None of us had said the first word to each other since we pulled up at Angola, and I didn’t think any of us knew what to say after what we’d just witnessed. I glanced at the rearview mirror expecting to see a brooding Will Guidry, only to find one who was downright chipper as he said, “That was great. Let’s go find us someplace to eat.”
Steven Hicks came to Mississippi in 1974 and spent the next quarter century writing for various advertising agencies, including his own. He wrote commercials and print ads about hot dogs and other baloney, used cars, barbecue shacks, sunscreen, banks galore, white bread, undertakers, churches, casinos, turkey calls, finger-lickin’ chicken and symphony orchestras. Some of the work was thoughtful. Some was funny. Most was neither.
During that period of time, he earned the enmity of his competitors and peers by being named Mississippi’s top copywriter nine times, winning six certificates of excellence in the International CLIO Awards, over 150 ADDY Awards, Radio Mercury honors and being included in Who’s Who in American Advertising.
A major portion of his advertising and marketing income came through his work as a political consultant, engineering the media and messaging efforts for more than six dozen campaigns, culminating with the POLLIE Award for best statewide/national commercial from the American Association of Political Consultants in 1989.
While the embarrassing abundance of honors mean next to nothing to Hicks, the education he got through the process meant everything. He learned how to write what people like. He learned to write with economy and clarity, because consumers won’t buy things from long-winded peddlers of perplexity. He learned when words have to be polished and when they’re best left plain.
Through it all, people kept telling Hicks he should write books and he kept saying, “Maybe one day,” until the day came when a near-fatal stroke in 1997 forced him into an eyeball-to-eyeball confrontation with his own mortality, and he realized he wanted to be remembered for something more consequential than gimmicky commercials.
There was only one hitch. The stroke had taken away his ability to read.
For the next thirteen months, Hicks stubbornly stared at newspaper letters until he could form words, read sentences, then paragraphs, and finally had the ability to once again read novels, albeit at a far slower pace and with cognitive problems enhanced by lingering reading difficulties stemming from alexia, an aphasia problem caused by brain lesions.

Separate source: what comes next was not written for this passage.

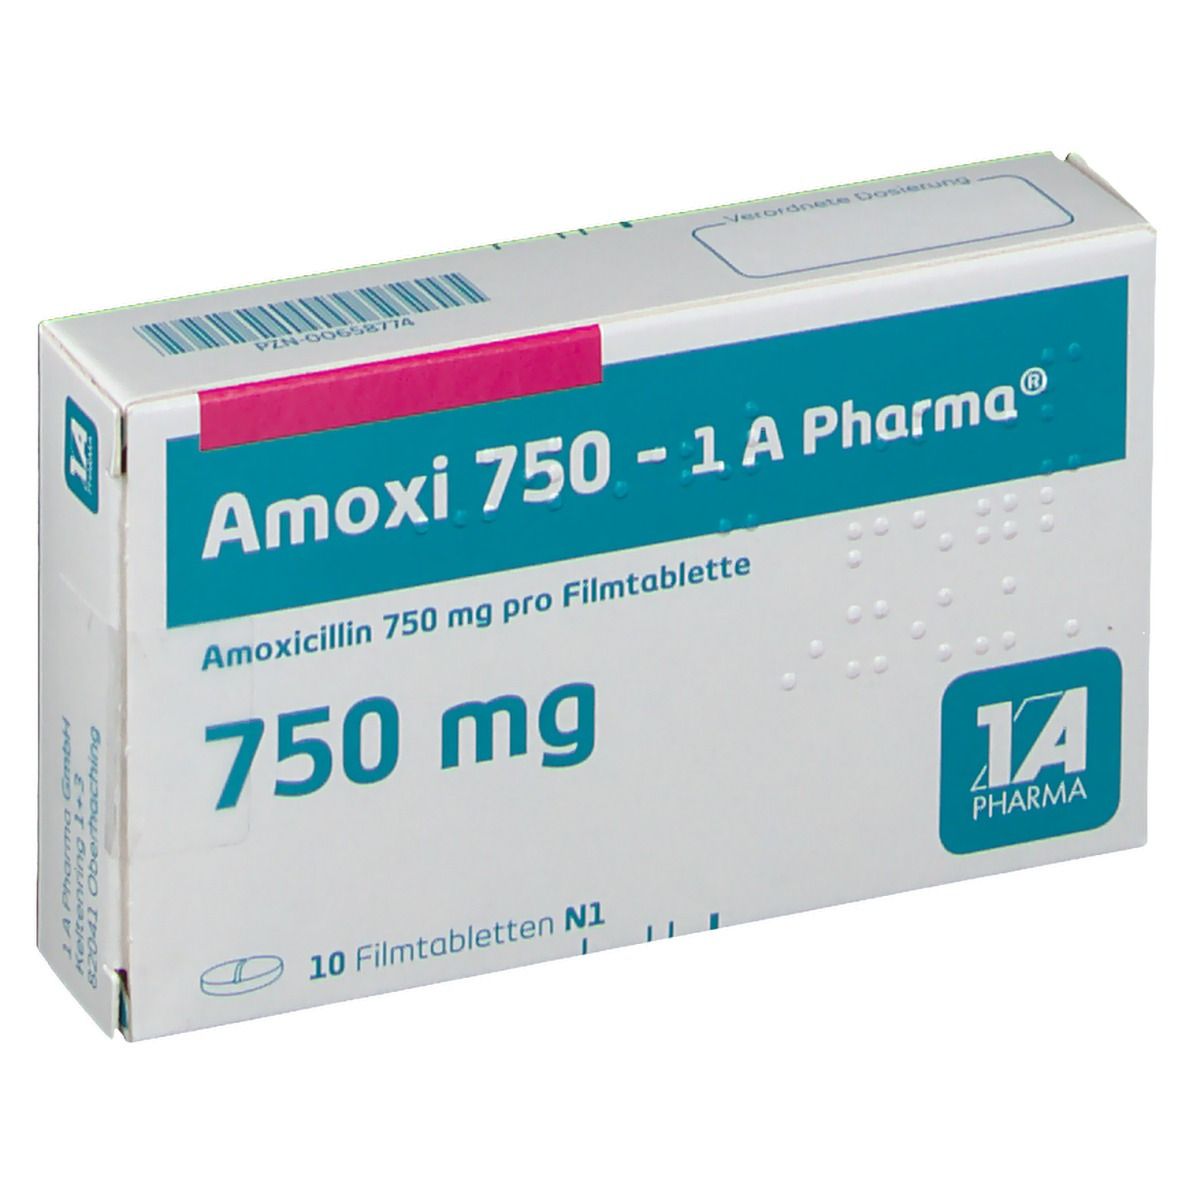 Amoxi 750 1A Pharma®
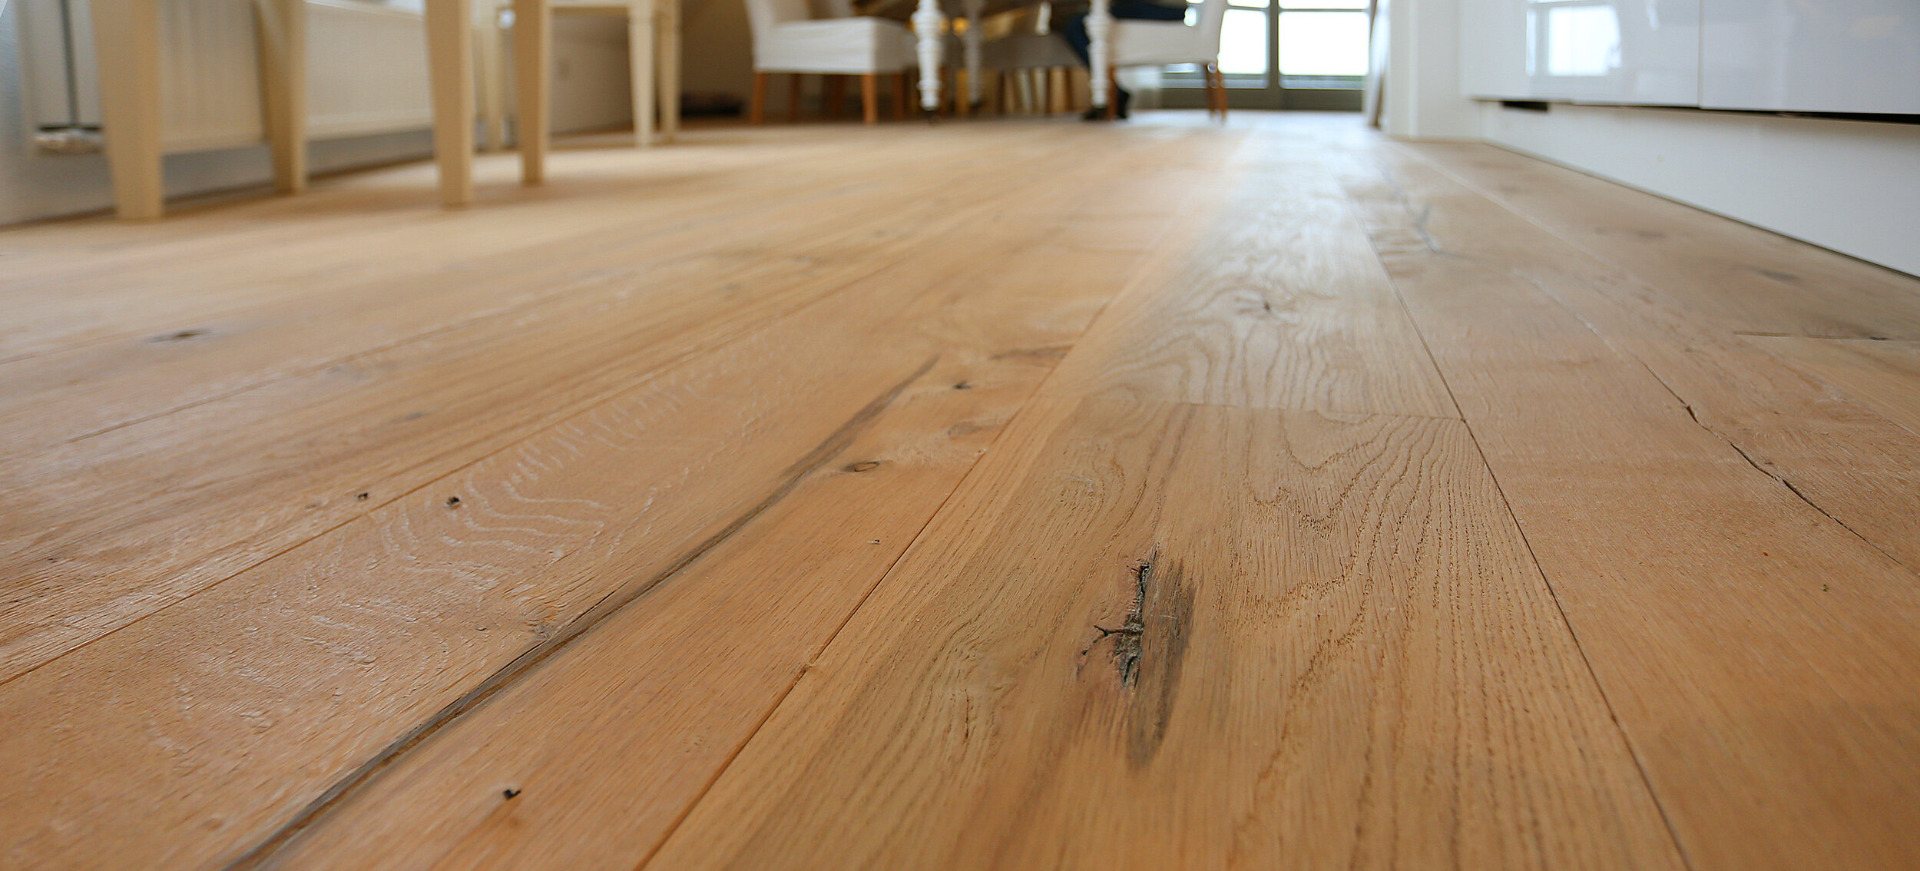 Legpatroon met plankmotief houten vloer

It made the headstrong Hicks more determined than ever to take a shot at those novels people had been encouraging him to write for years.
Ten years and eleven revisions later came his debut novel, The Gleaner, a trans-racial romance set in a sleepy Mississippi whistle-stop. In a competition of 5,000 entries, The Gleaner was named a quarter-finalist in Amazon.com’s prestigious “Breakthrough Novel” competition. Upon its heels came two comic novels in 2009, The Fall of Adam, a satire of Deep South advertising, and Horizontal Adjustment, a farce about sexual escapades among competitors for a news anchor position in a tank town television station along the Florida Panhandle.
Deciding to take a breather from novels, Hicks started publishing New Orleans restaurant guidebooks on an annual basis in 2011, all of which have become mainstays on Amazon.com’s list of the 100 top-selling books about world dining.
In May of 2014, Hicks published his fourth novel, Destiny’s Anvil, which marked a stark departure from the breezy style of his earlier works.
“The final product is the polar opposite of the novel’s original intent. It is dark, violent bordering on savage, as it strips away the veneers of not only politicians, but the entire American political system. At the same time, it moves with the furious pace of a thriller overflowing with cliffhangers,” says Hicks.